PROBLEM TO WORK ON:
Every line from the one containing "Table bar or cocktail." to the last line of the listing below should be given again exactly.

---------- DATA SUPPLIED

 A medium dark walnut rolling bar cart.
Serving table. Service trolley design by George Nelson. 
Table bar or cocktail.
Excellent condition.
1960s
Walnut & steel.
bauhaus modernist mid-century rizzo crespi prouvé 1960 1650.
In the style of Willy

--------------------

RESPONSE AREA:
Table bar or cocktail.
Excellent condition.
1960s
Walnut & steel.
bauhaus modernist mid-century rizzo crespi prouvé 1960 1650.
In the style of Willy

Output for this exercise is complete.